**Exercise directions**
Below this sentence is a listing; return exactly its lines from the one with "2021 USTFCCCA All-American Shane Cohen" to the one with "University of Nebraska", both kept, and nothing more.
==== Task material
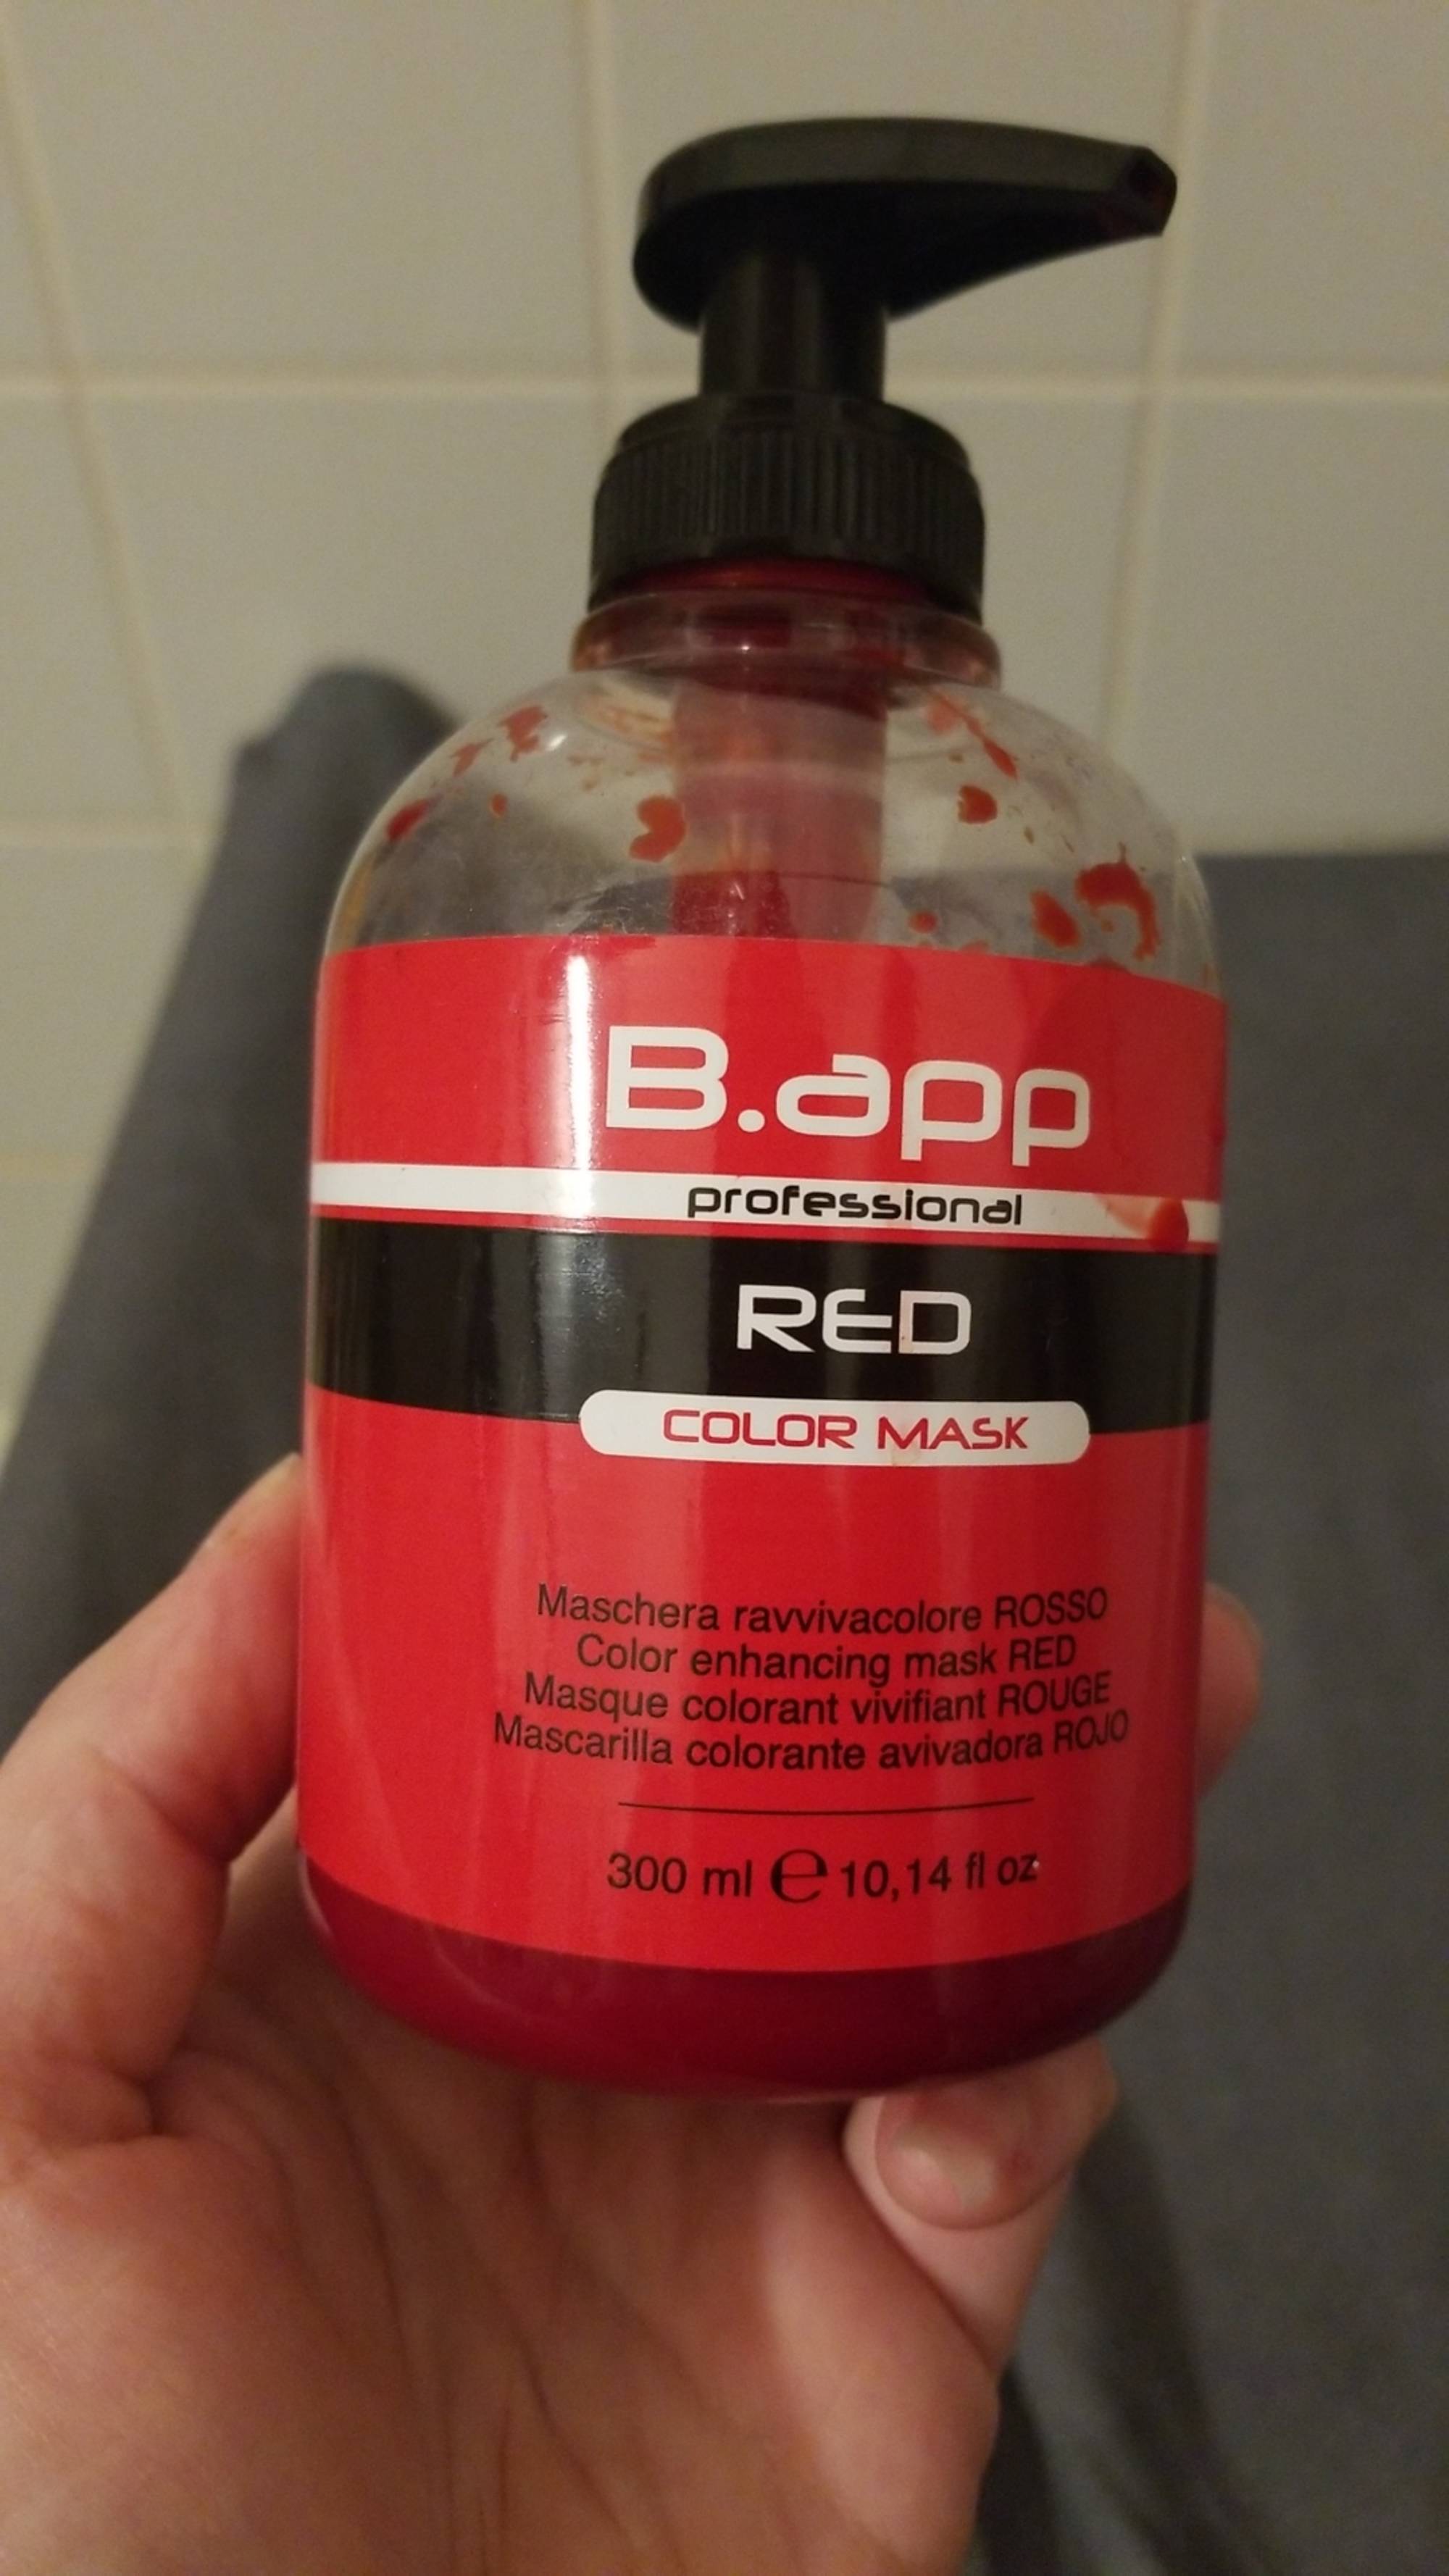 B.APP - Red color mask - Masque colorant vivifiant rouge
========
==== Task material
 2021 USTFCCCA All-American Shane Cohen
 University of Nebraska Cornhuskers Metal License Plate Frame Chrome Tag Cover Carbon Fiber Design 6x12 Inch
========
**Task output**
 2021 USTFCCCA All-American Shane Cohen
 University of Nebraska Cornhuskers Metal License Plate Frame Chrome Tag Cover Carbon Fiber Design 6x12 Inch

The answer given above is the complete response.